A loop a easy to understand.
This code should actually never run, so readability looks more important to me
than optimisation.
If you really insist on this, I'll yield but I'm not a big fan.

> 
> > diff --git a/include/linux/clk.h b/include/linux/clk.h
> > index 91bd464f4c9b..b60c36f2e6b0 100644
> > --- a/include/linux/clk.h
> > +++ b/include/linux/clk.h
> > @@ -331,6 +331,30 @@ struct clk *devm_clk_get(struct device *dev, const char
> > *id);
> >   */
> >  struct clk *devm_get_clk_from_child(struct device *dev,
> >  				    struct device_node *np, const char
> > *con_id);
> > +/**
> > + * clk_rate_protect - inform the system when the clock rate must be
> > protected.
> > + * @clk: clock source
> > + *
> > + * This function informs the system that the consumer protecting the clock
> > + * depends on the rate of the clock source and can't tolerate any glitches
> > + * introduced by further clock rate change or re-parenting of the clock
> > source.
> > + *
> > + * Must not be called from within atomic context.
> > + */
> > +void clk_rate_protect(struct clk *clk);
> 
> Is there any plan to use this clk_rate_protect() API? It seems
> inherently racy for a clk consumer to call clk_set_rate() and
> then this clk_rate_protect() API after that to lock the rate in.
> How about we leave this out of the consumer API until a user
> needs it?

Having this API available is whole reason I've been working on this for so long.
By the now, you may have forgot but I explained the use-case in first RFC [0]
Here is an example (wip) of usage [1]

[0]: http://lkml.kernel.org/r/20170302173835.18313-1-jbrunet@baylibre.co
[1]: https://github.com/jeromebrunet/linux/commits/amlogic/wip/audio-clk-lock

> 
> I'm tempted to say that we could do this rate locking stuff with
> clk_set_rate_range(), but with more thought that doesn't seem
> possible because there's a subtle difference. The range API is
> willing to accept a range of frequencies, and calling
> clk_set_rate_range() with some exact frequency should fail if
> that exact frequency can't be met. With this API and the
> subsequent clk_set_rate_protect() API we're willing to accept
> that the rate we call clk_set_rate_protect() with could be
> different than the rate we actually get.
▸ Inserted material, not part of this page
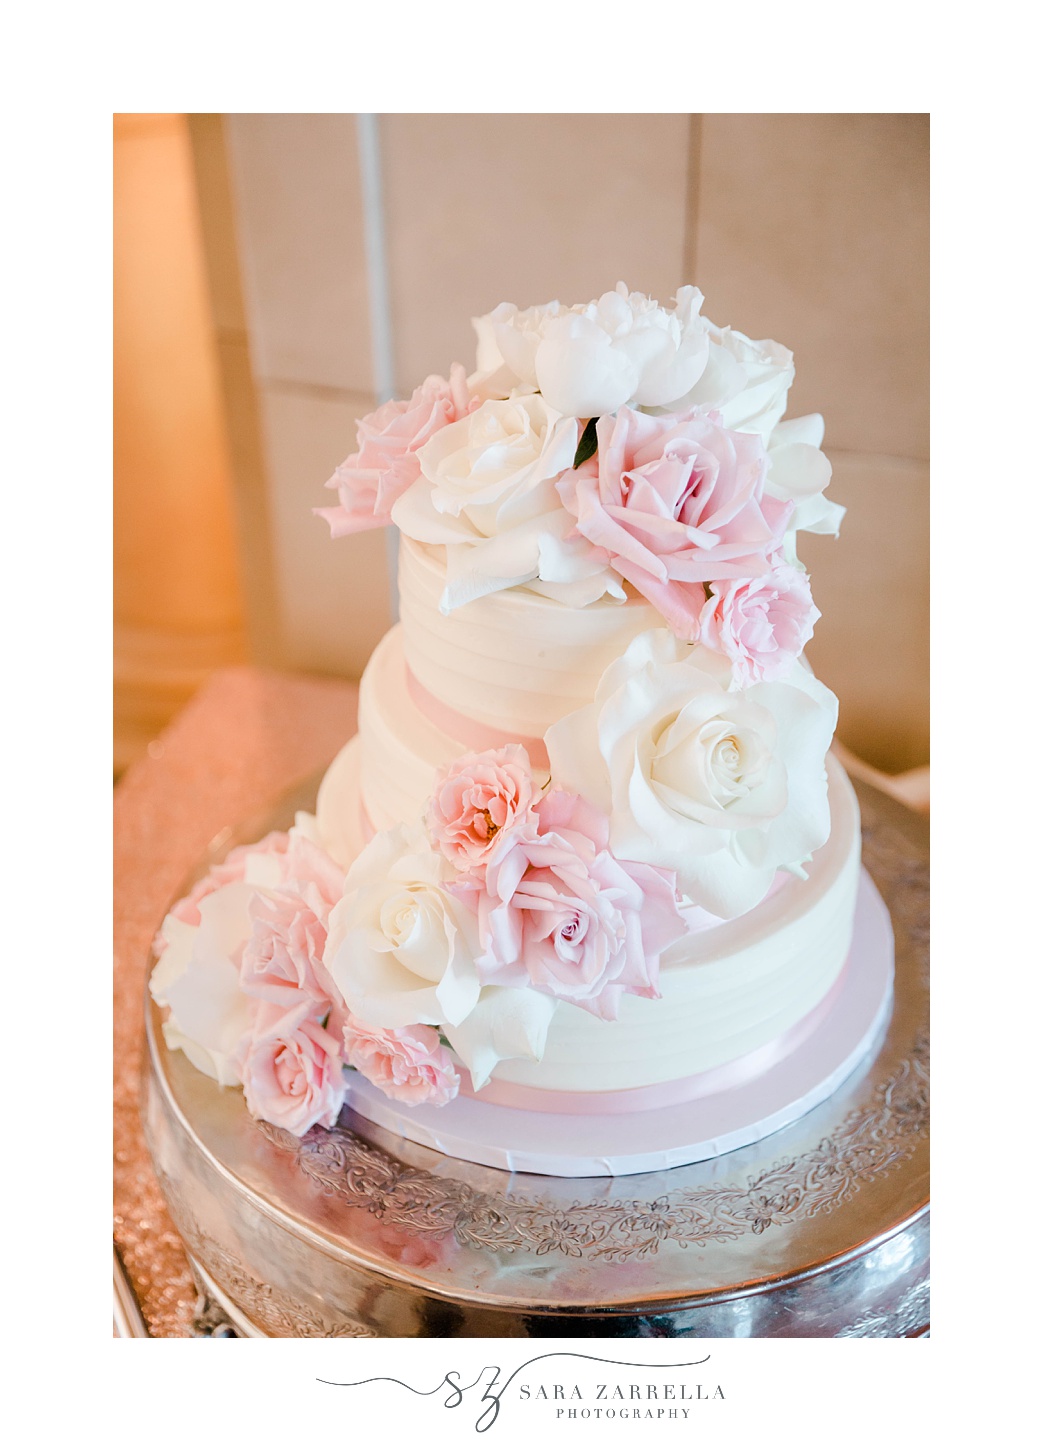 tiered wedding cake with pink and ivory flowers
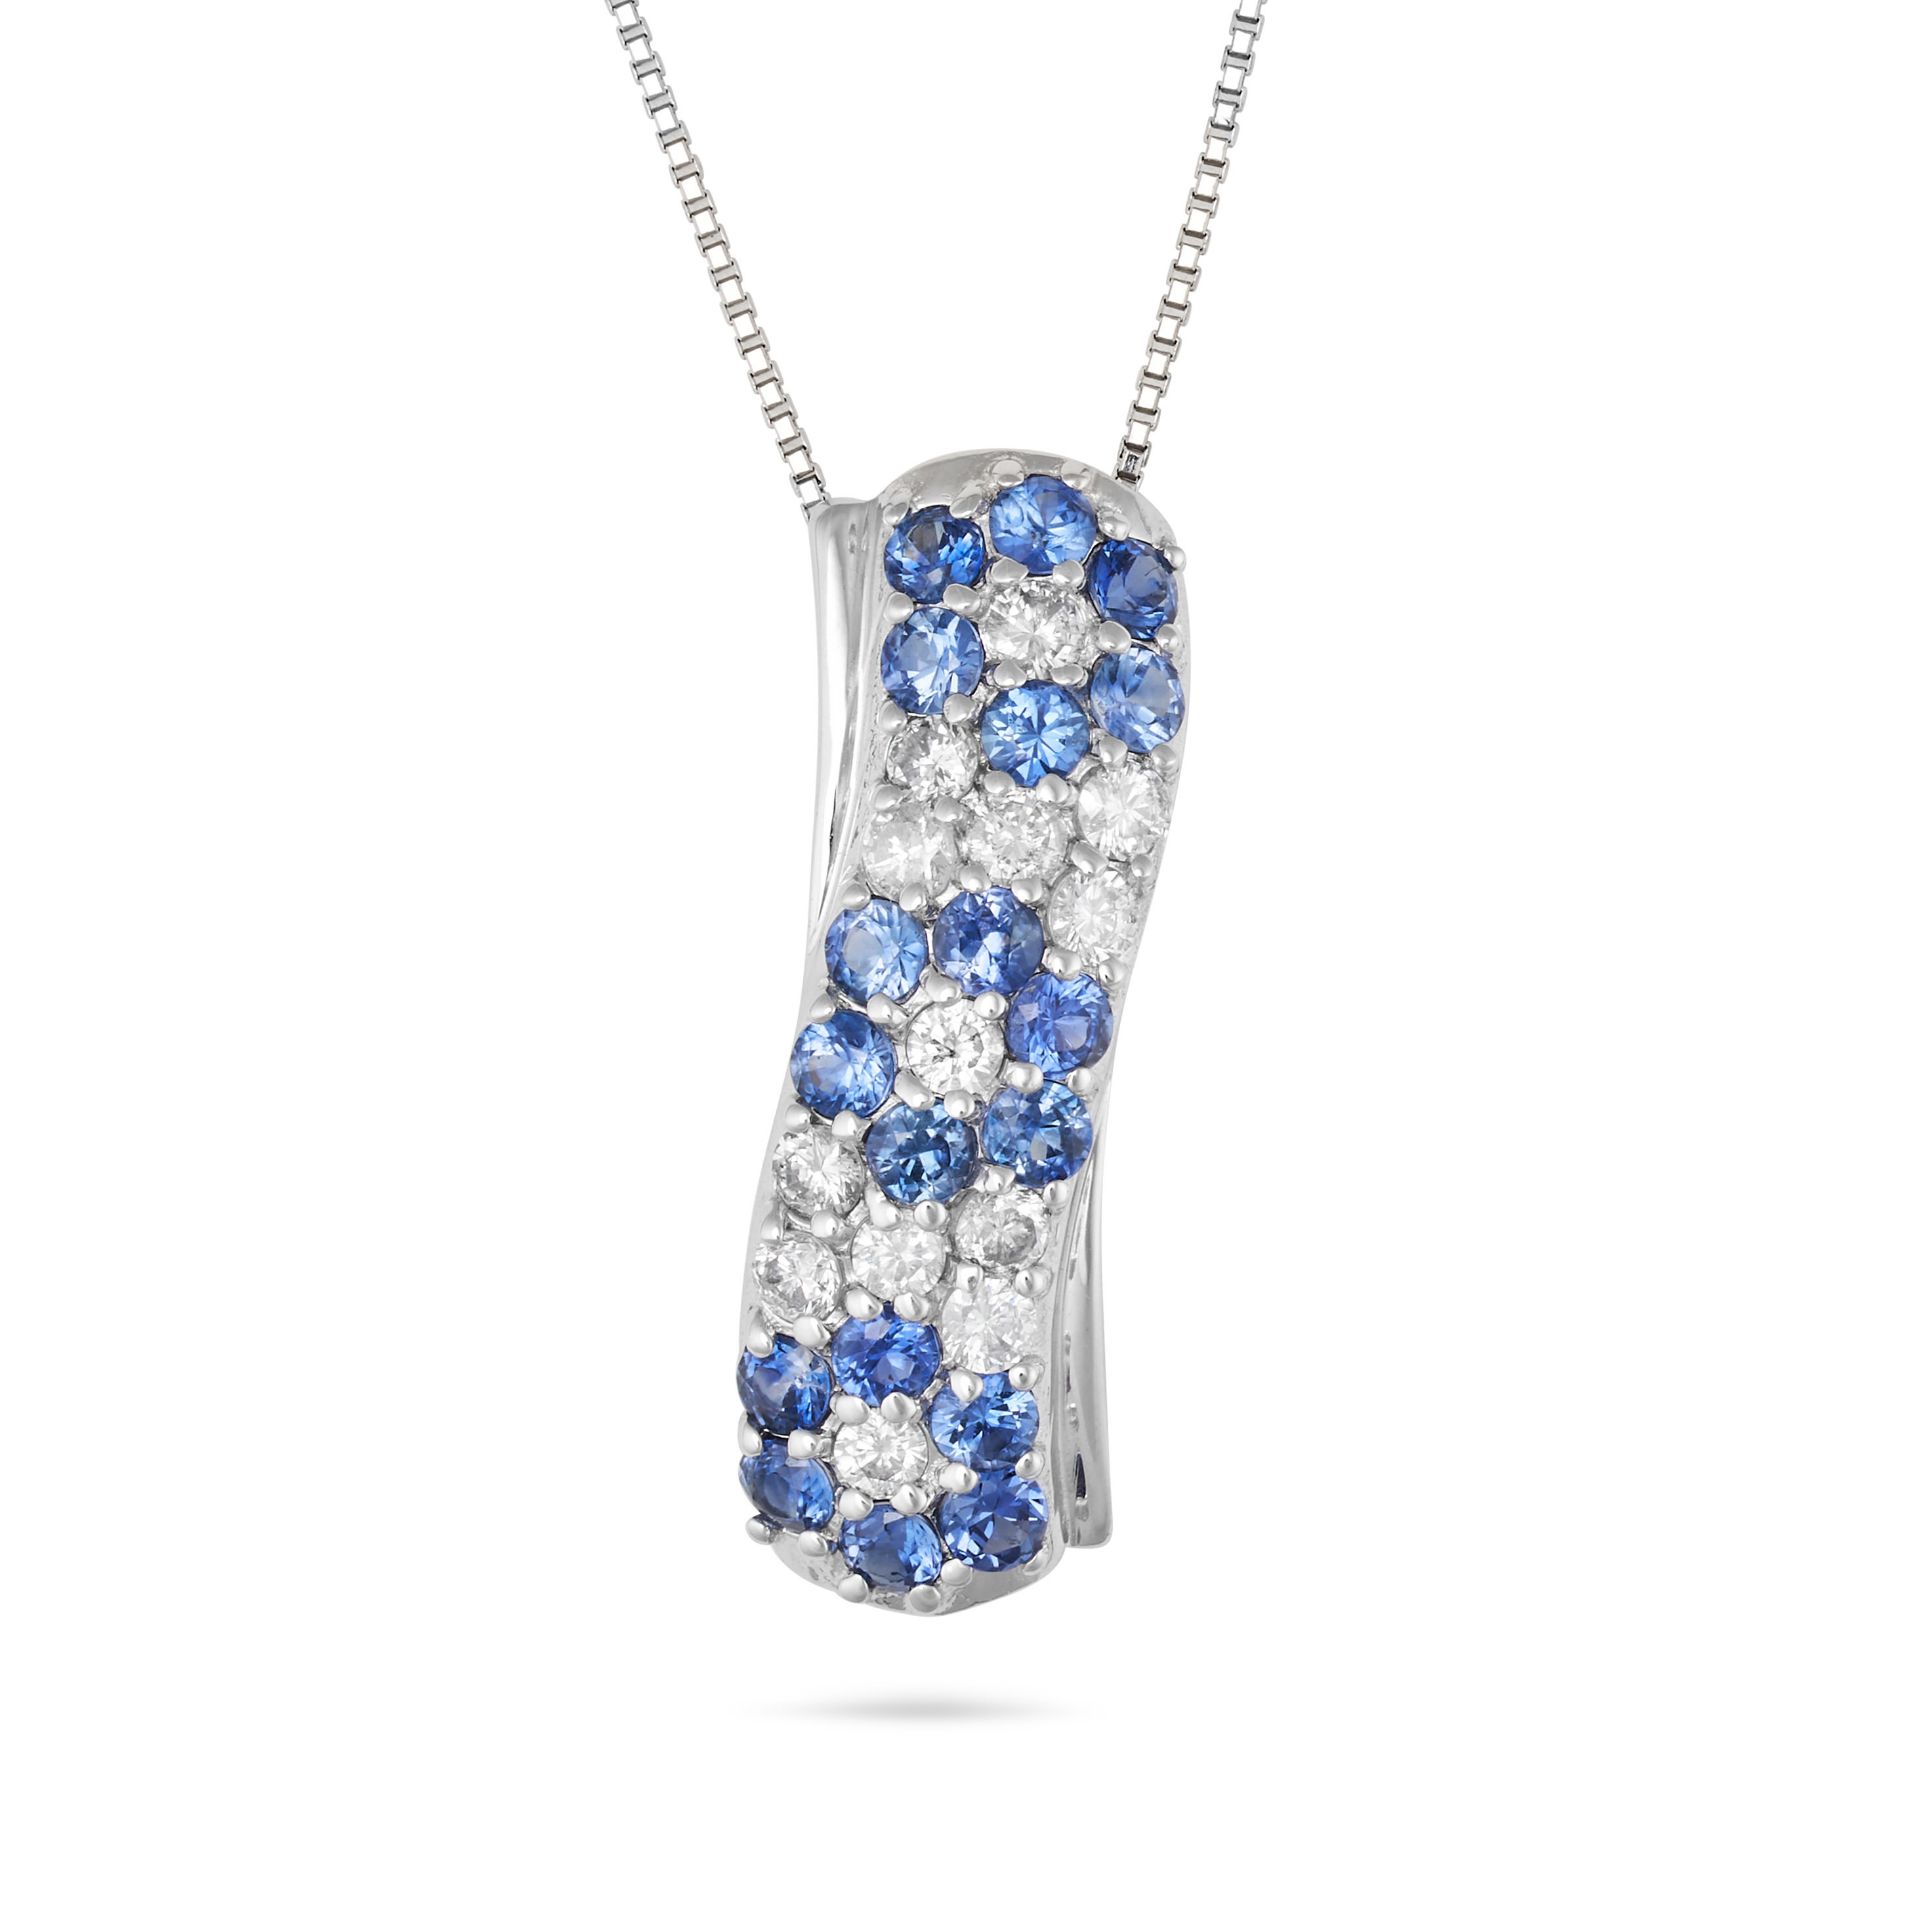 A SAPPHIRE AND DIAMOND PENDANT NECKLACE in 18ct white gold, the pendant set with clusters of roun...

Indeed and this point is important for PLLs which (almost) certainly never meet
the exact requested rate.

Also rate_range would give no guarantee regarding gliches and reparenting.
Keep audio in mind here, glitches are the enemy.

Say you have 2 clocks fed by a divider (SET_RATE_PARENT of course)
# clock #1 is a PLL locked to 48000kHz
# clock #2 request a new rate

If the clock #1 is protected by rate_range mechanism, the divider could change,
provided that PLL is able to relock at 48000kHz ... but we'll get a glitch

This won't happen with clock protect, clock #2 will have to work with what the
divider provides at the moment, or reparent to better suited (free) parent
clock.

> 
> Finally, When does a consumer want the rate of a clk to change
> after they call clk_set_rate() on it? I would guess that very few
> consumers would be willing to accept that. Which begs the
> question, if anyone will keep calling clk_set_rate() after this
> API (and the clk_set_rate_protect() API) is added. It almost
> seems like we would want it to be opt-out, instead of opt-in, so
> that consumers would call clk_set_rate() and expect it to be a
> stable clk rate after that, and they would call
> clk_set_rate_trample_on_me() or something properly named when
> they don't care what the rate is after they call the API.
> 

Indeed, we generally don't want our rate to change, but:
- This is mostly for leaf clocks, the internal path would generally not care, as
long as the leaf are happy.
- Even a leaf may be open (be able to deal with) to small glitches, pll relock,
re parenting

Actually, if all the clock could not tolerate any glitches, there would have
been a lot of complains about CCF by now, it does not prevent glitches at all.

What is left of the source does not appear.